What the exercise asks: Restate each entry below exactly; pictures stay out of the copy.

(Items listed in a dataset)
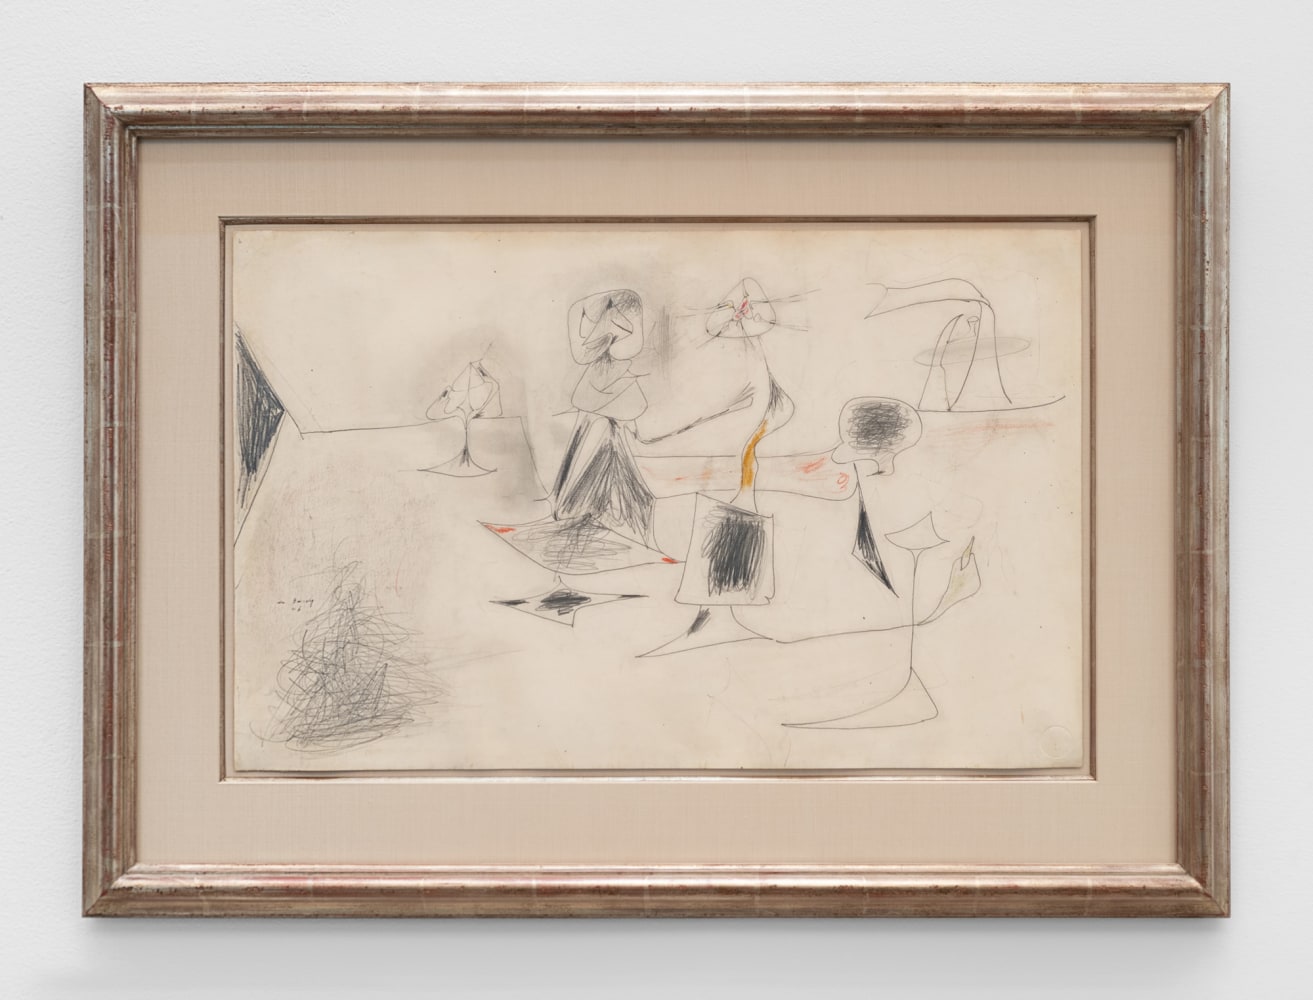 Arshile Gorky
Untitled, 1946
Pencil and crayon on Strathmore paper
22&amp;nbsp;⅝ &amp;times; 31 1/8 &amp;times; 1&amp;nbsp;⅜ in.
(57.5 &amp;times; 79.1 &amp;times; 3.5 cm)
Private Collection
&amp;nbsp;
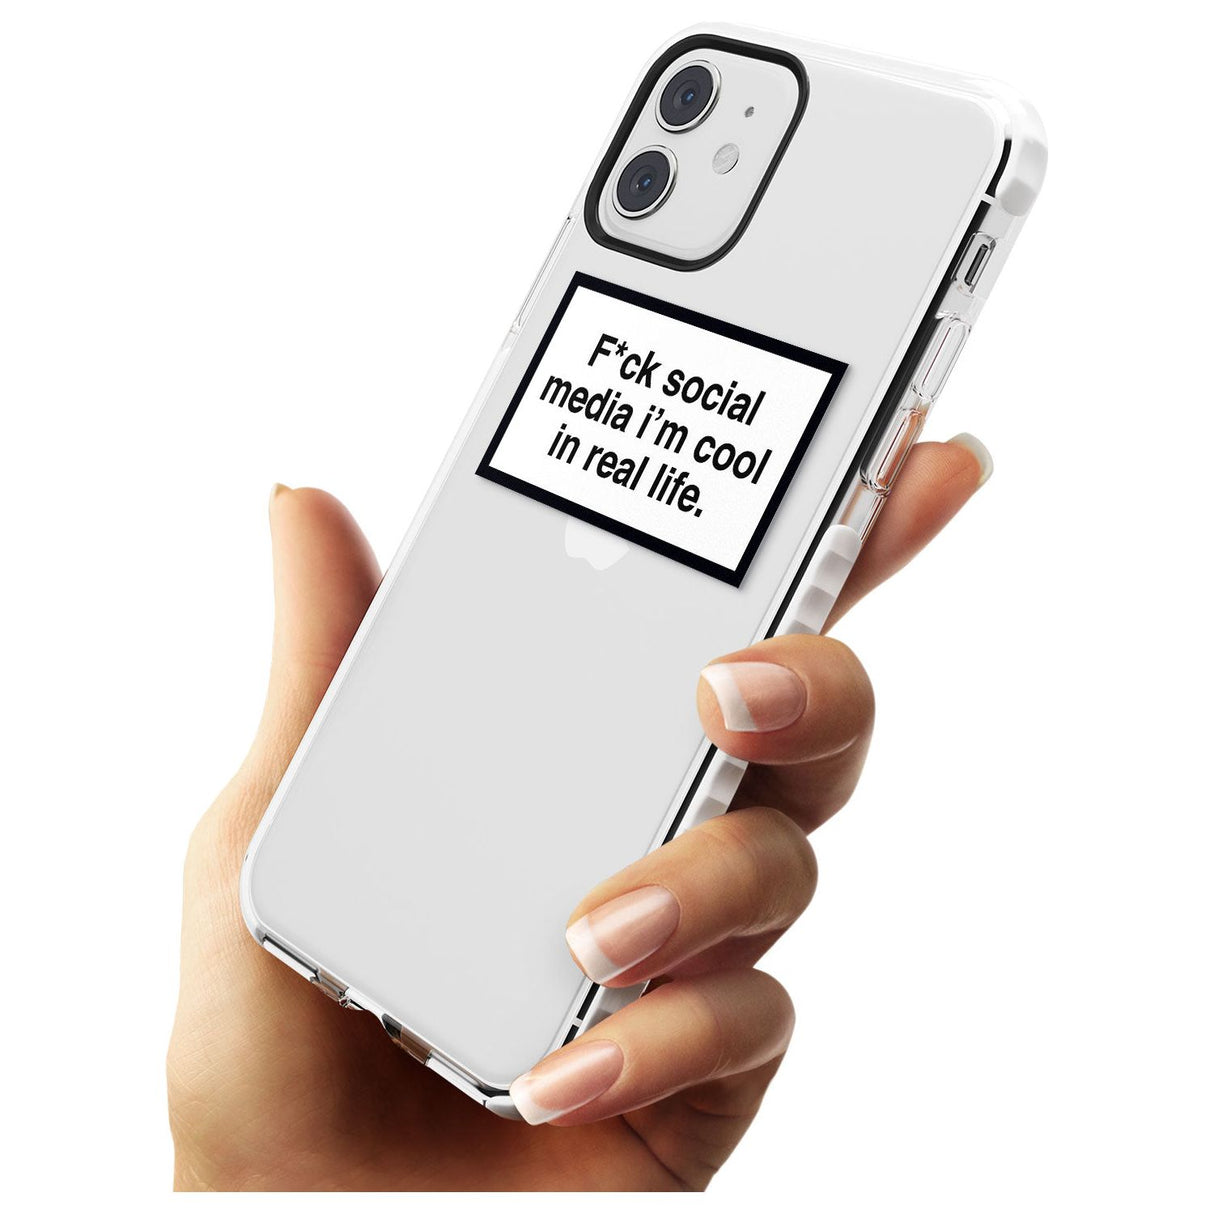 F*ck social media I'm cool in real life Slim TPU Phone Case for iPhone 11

Answer to this problem:
 Arshile Gorky
Untitled, 1946
Pencil and crayon on Strathmore paper
22&amp;nbsp;⅝ &amp;times; 31 1/8 &amp;times; 1&amp;nbsp;⅜ in.
(57.5 &amp;times; 79.1 &amp;times; 3.5 cm)
Private Collection
&amp;nbsp;
 F*ck social media I'm cool in real life Slim TPU Phone Case for iPhone 11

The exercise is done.